I gather that with C++0x we'll be able to write
class T { public: T(){} private: T( T const& ); };
void foo( T const& ) {}
int main() { foo( T() ); }
Currently this code is rejected by Visual C++ 7.1 (with
option /Za), Comeau Online version 4.3.3, and g++ 3.4.4.
However, this code:
class NoCopy
{
public: NoCopy() {}
private: NoCopy( NoCopy const& ); NoCopy& operator=( NoCopy
const& );
};
class T: public NoCopy {};
void foo( T const& ) {}
int main() { foo( T() ); }
is accepted by two of the three compilers mentioned above;
only g++ produces a compilation error (emits a diagnostic,
barfs, whatever).
Which makes me believe the minority is correct. The T bound to
the reference is an r-value. According to 8.5.3, second
bullet, the copy constructor for T nees to be available, even
if the r-value is directly bound to the reference.

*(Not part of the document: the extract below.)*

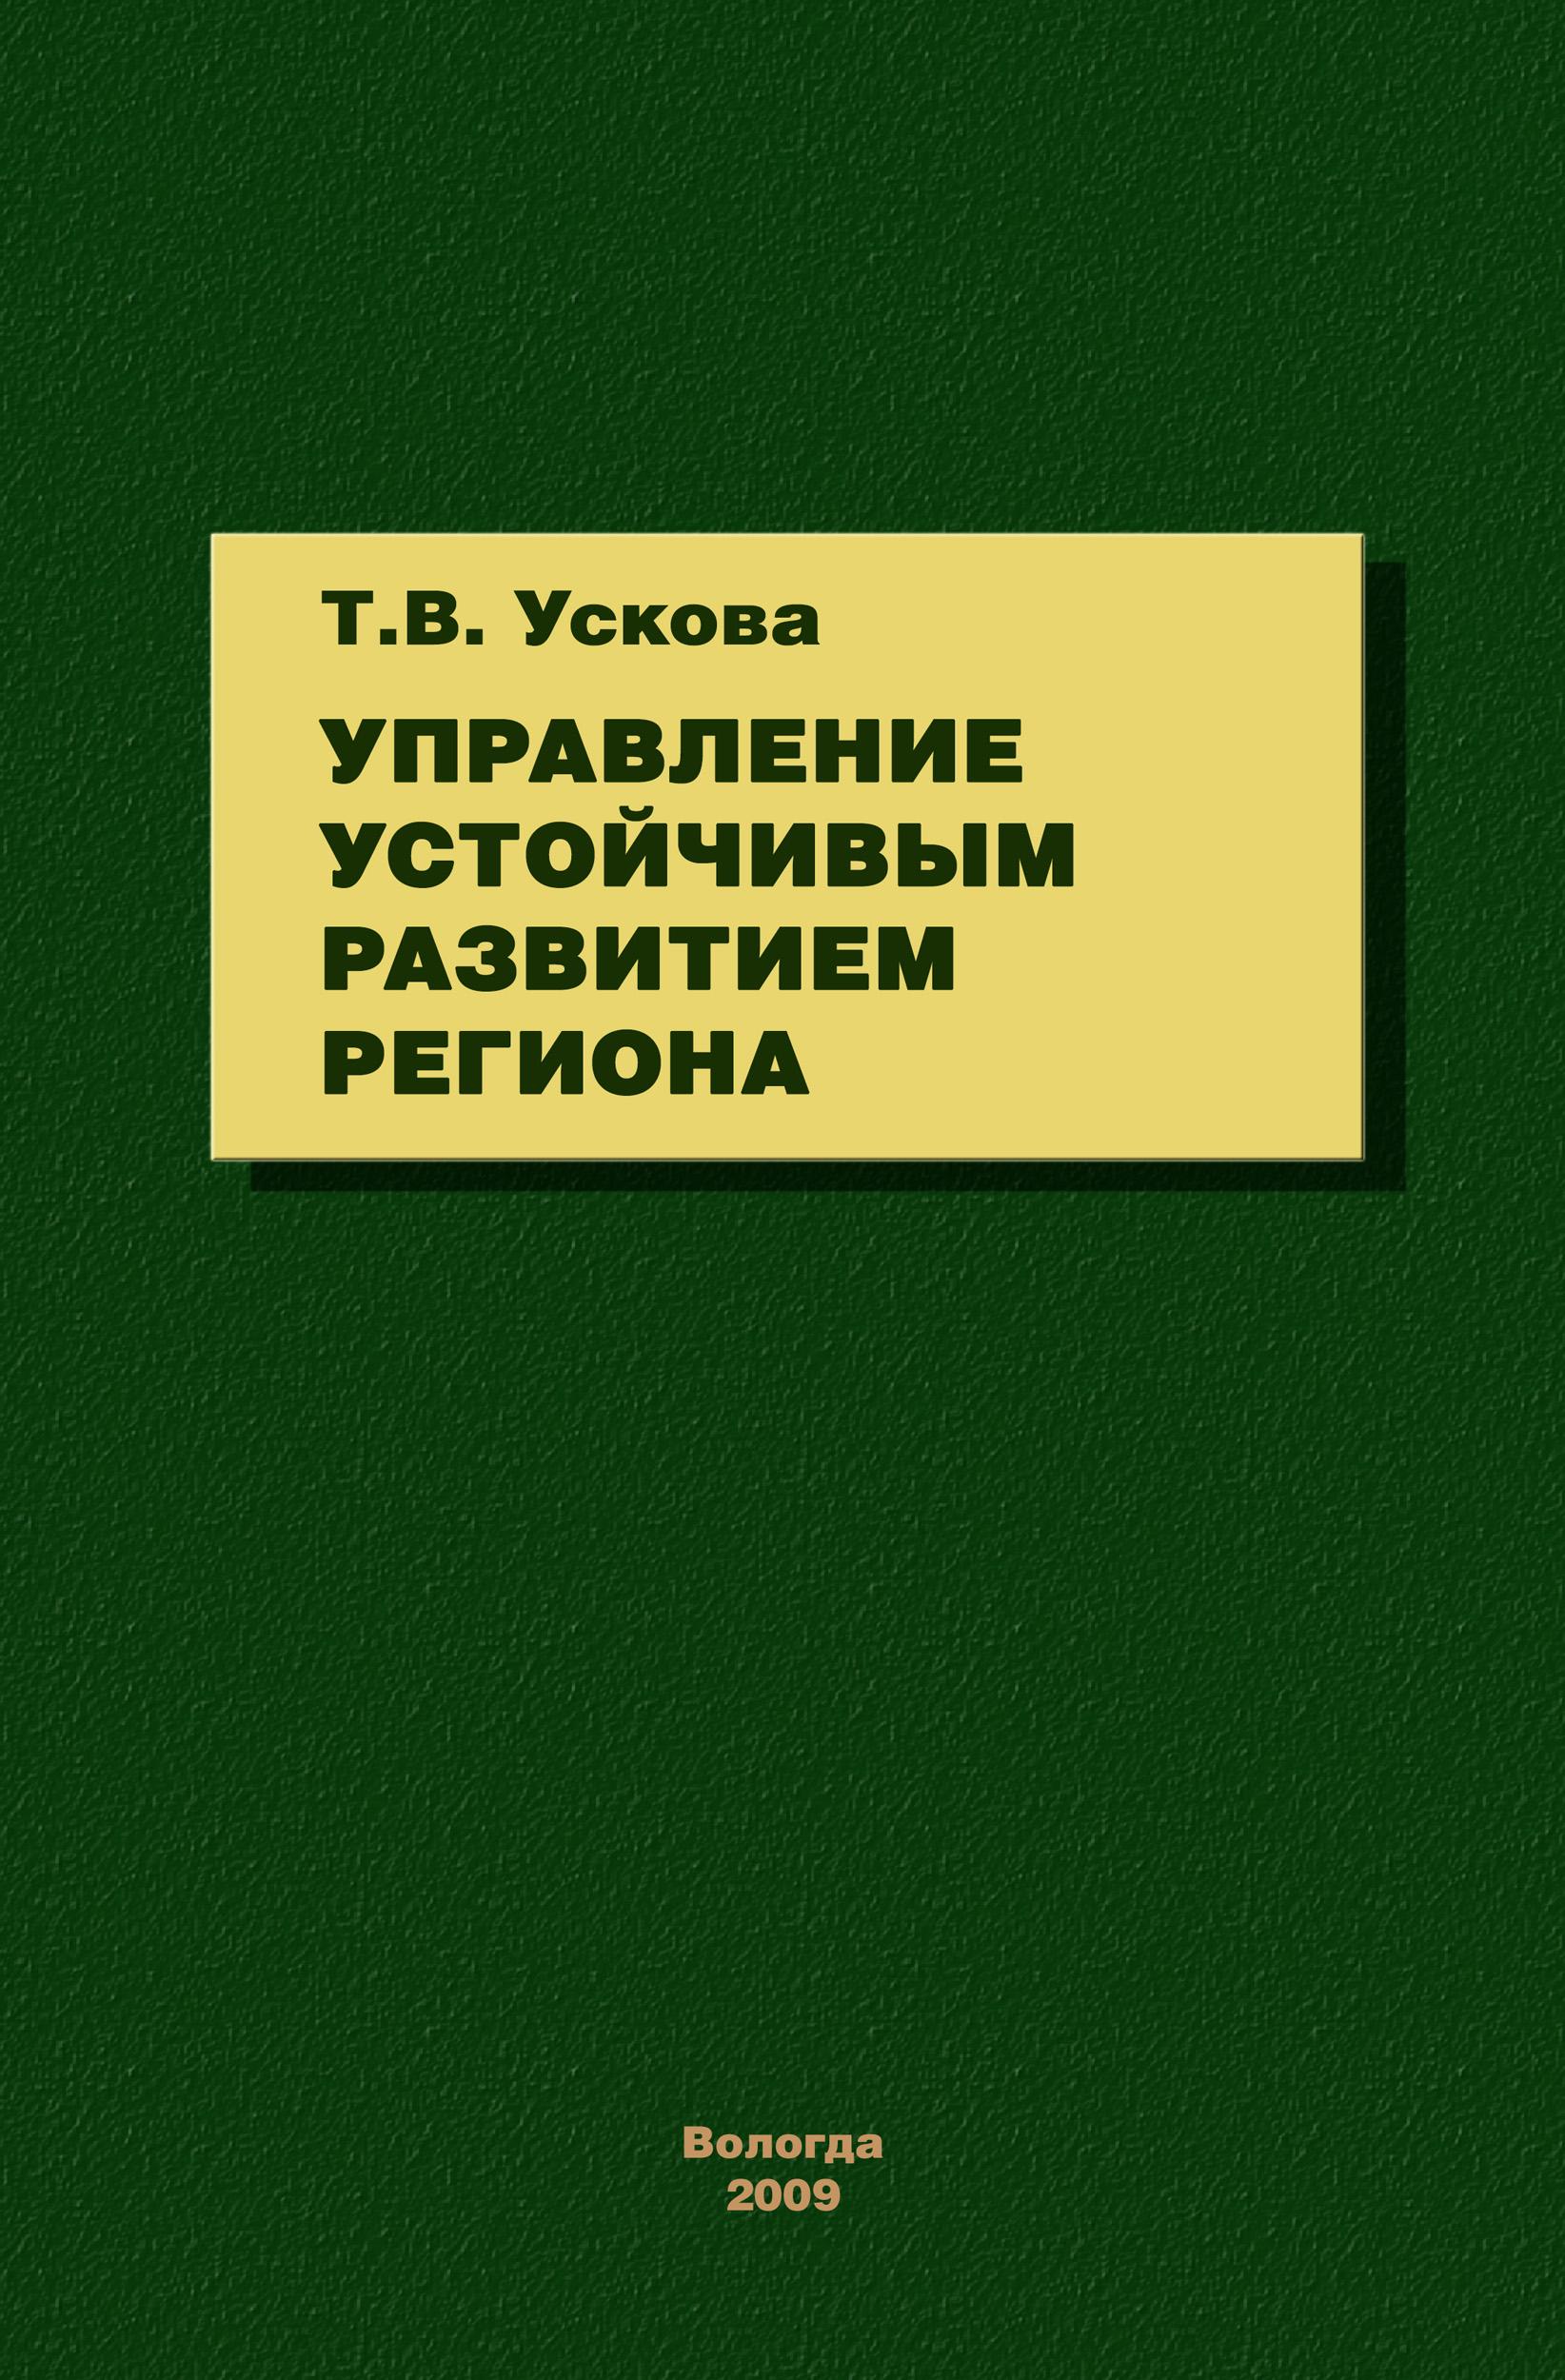 Т. В. Ускова Управление устойчивым развитием региона

It's a little bit more subtle than that. In class T, above,
there is an implicitly declared publically accessible copy
constructor, see ?12.8/4. You have to go down to ?12.8/7 to see
that 1) if the implicitly declared constructor is implicitly
defined, it is an error. And the normative text isn't really
that clear that the constructor will be implicitly defined in
this case -- all we have is a non-normative note saying that if
the constructor will be implicitly defined even if it is elided,
and a reference to 12.2, where it says clearly that the case in
question is assimilated to eliding the constructor. So while it
is clear that the intent is for this to be illegal, I don't
think it is 100% clear from just the normative text.
IOW, if that's correct, forget your conversion opertor, but
rewrite the expression calling foo instead.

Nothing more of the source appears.